今までのままだと、まだ症状がとれないから「もっと強い薬、もっと強い薬」と進んで行って、重なった薬のせいで、かえって体を壊してしまう状況ともなりかねませんでした。
なんといっても、今日は眉間の真ん中に「こんな生活耐えられない!」マークの縦ジワをくっきり浮かべてのご来院でしたので、どうしようかと思っていたところでした。

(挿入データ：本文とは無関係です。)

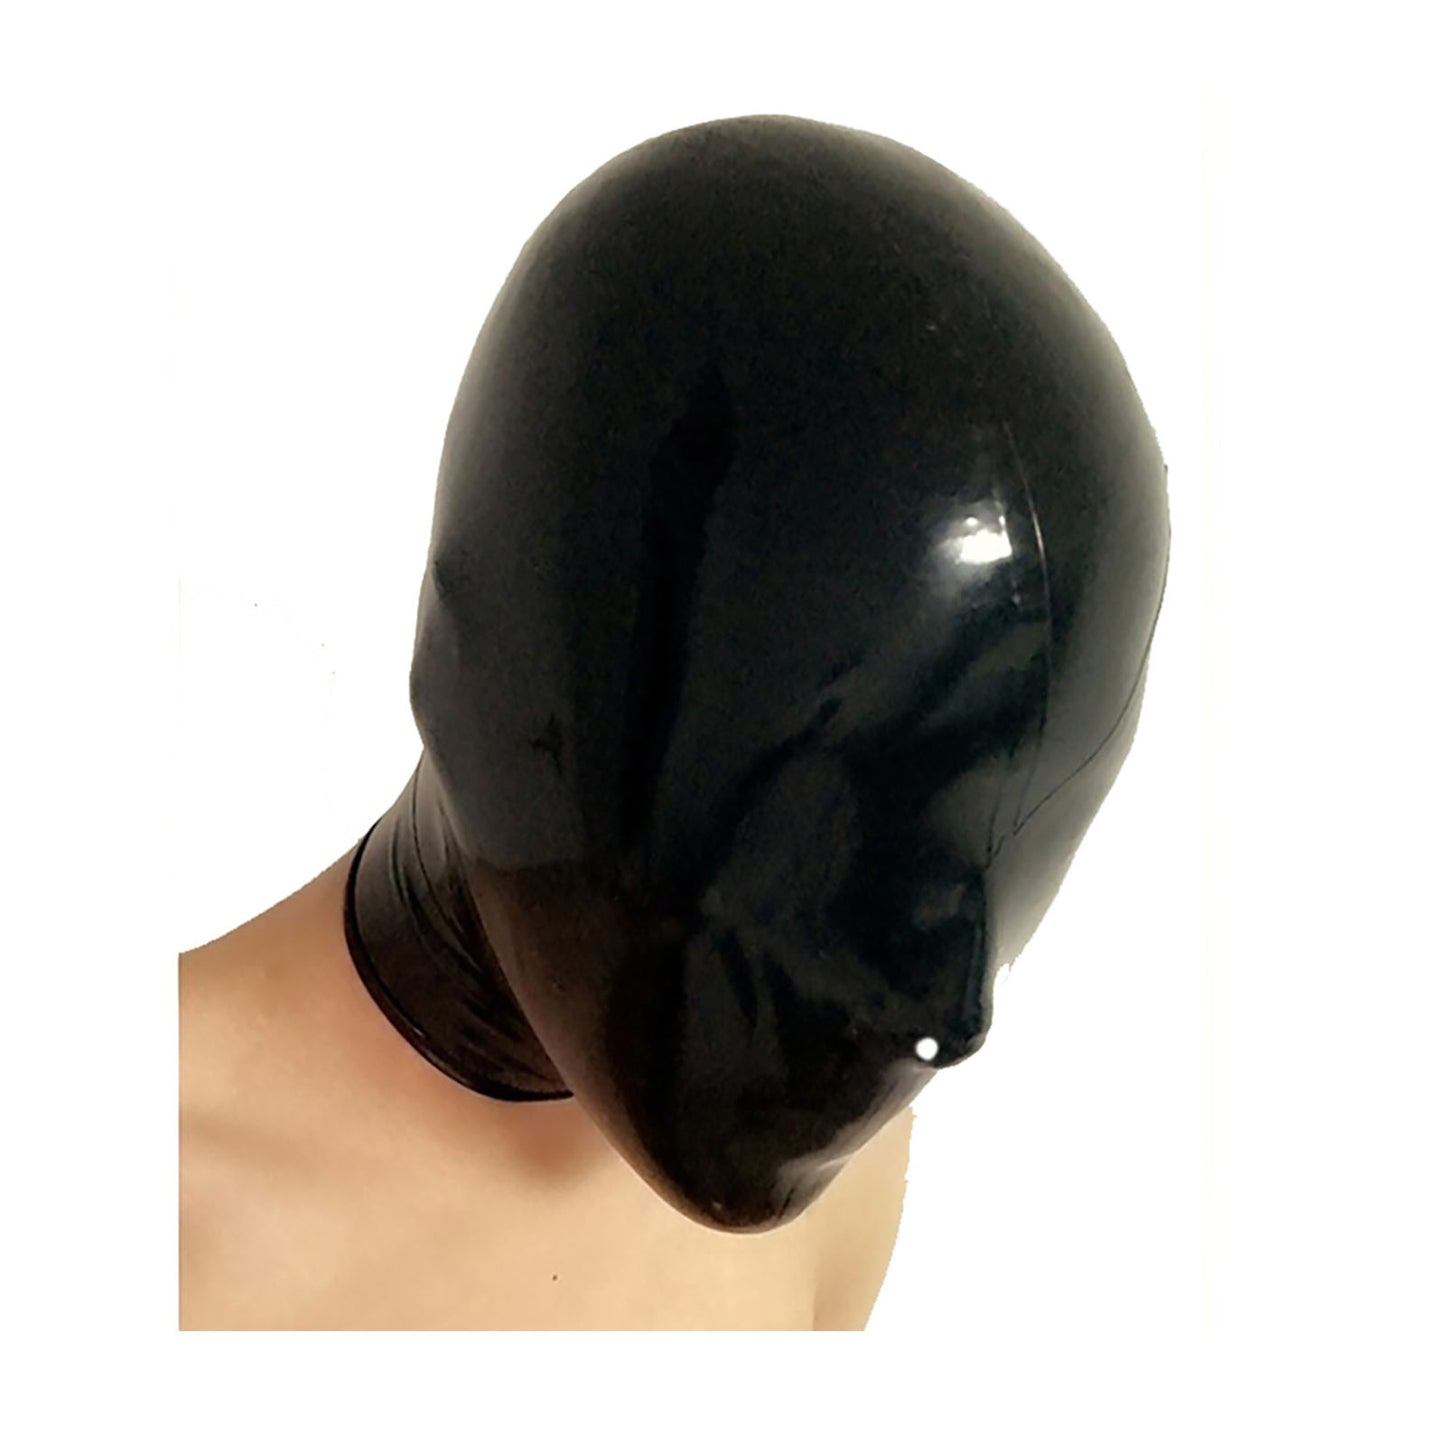 MONNIK Full Cover Latex Mask Rubber Unisex Hood Open Nostril with Rear Zipper Handmade for Bodysuit Fetish Party

それでは、今日のところは今までと同じ薬のままで継続しておきますので、もうちょっとだけ体にやさしい生活になれるように工夫をしてみてください。
生活の工夫で、症状がどう変化するかを見て、また薬の微調整をしていきましょう。

(ご婦人)
わかったわ。
やりたいことだけではなくて、もうちょっと体と相談しながらやってみるわ。

(私)
はい、次回は笑い顔でのご来院をお待ちしています。